Shorthands also allow omitting variants when it comes to modifiers. In such cases, the omissions are represented by underscores and the plus sign usually outside the shorthand follows every non-empty variant. Take the following example:

super + {_, alt + } h
  {htop, btm}

This expands to the following bindings:

super + h
  htop

super + alt + h
  btm

Notice that there is no extra logic to parse the concatenator (+) like we would need to if the concatenator was outside the brace, because simply expanding the shorthand set yields the correct outputs.

To not break this exception, we will model shorthands with omissions separate from regular shorthands.

Now, what if you wanted to be even more succinct and define a bunch of shortcuts over a range of keys? That’s where the next puzzle piece comes into play.

Ranges

Ranges are technically a subset of shorthands, just as we have used commas so far to separate each element of a shorthand, SWHKD allows the use of dashes to specify a range of keys.

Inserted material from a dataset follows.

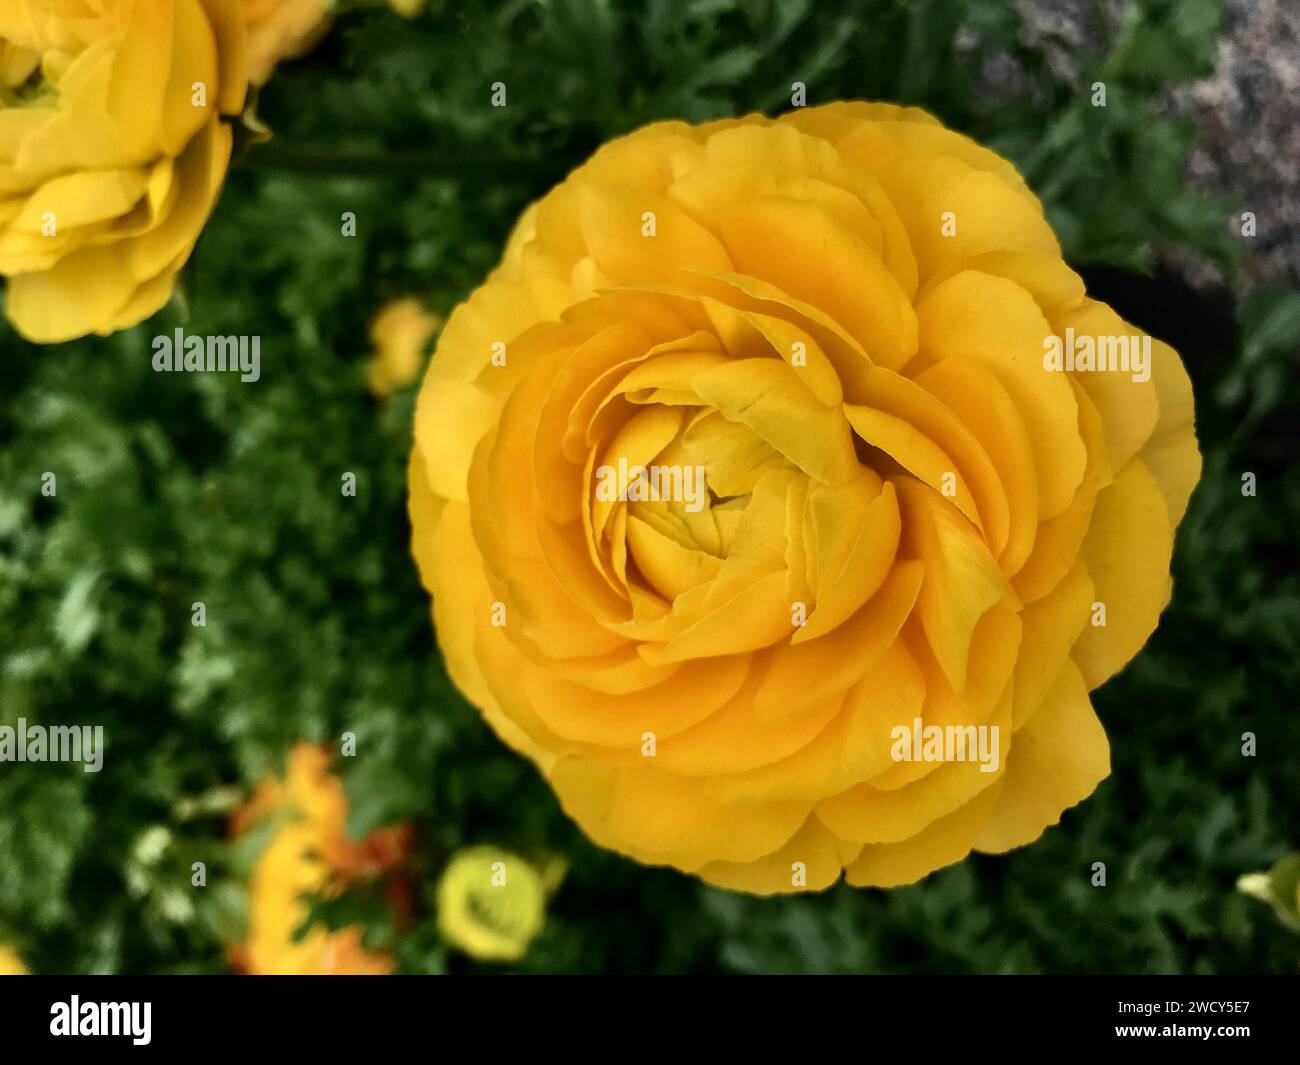 A group of vibrant yellow flowers blooming on the ground Stock Photo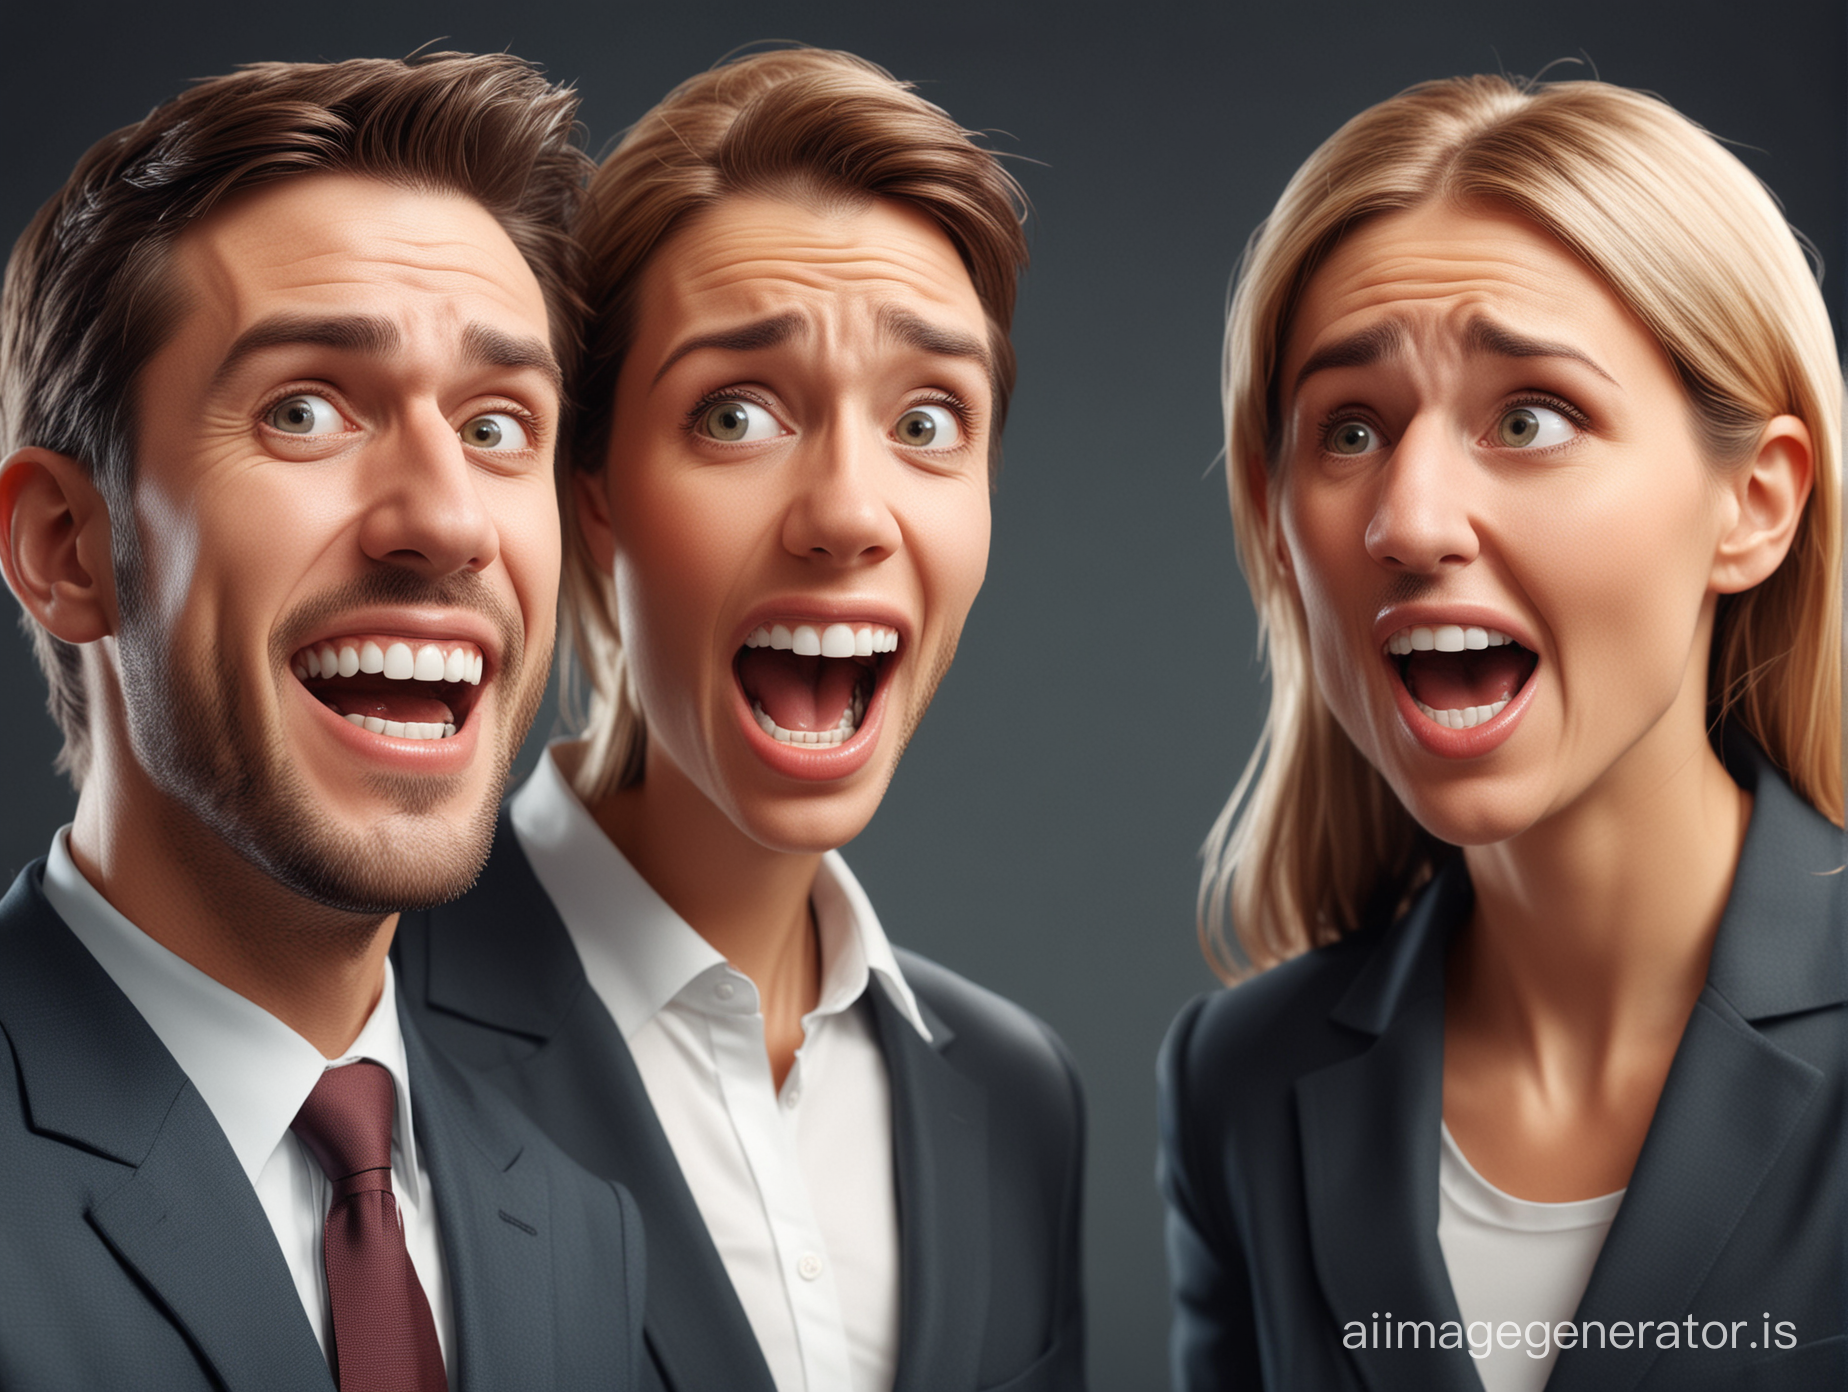 create a 3d image illustration of a man and woman afraid to show their teeth in a conference

For example, you can use ranges to switch to workspaces:

super + {1-6}
  cosmic-workspaces switch {1-6}

This maps the keys 1 through 6 to those in the command to switch to the corresponding workspace. Ranges can also be used with bare elements separated by commas like the following example:

super + (a, 1-6)
  cosmic-workspaces switch {\-\-overview, 1-6}

Like the previous example, this one switches through workspaces 1 through 6 for the corresponding keys. However, pressing Super a shows us an overview of all the workspaces.

Just like regular shorthands, we need to escape the dash used in the range. That’s why, we’re using the escaped version of --overview flag.

The observations we have made so far will be used to build the grammar in the project. The demo repo called sweet (simple wayland event encoding text) is available to my mentors for now but it should be public soon publicly now. I need to double check and make sure my mentors are aware when I make it fully public.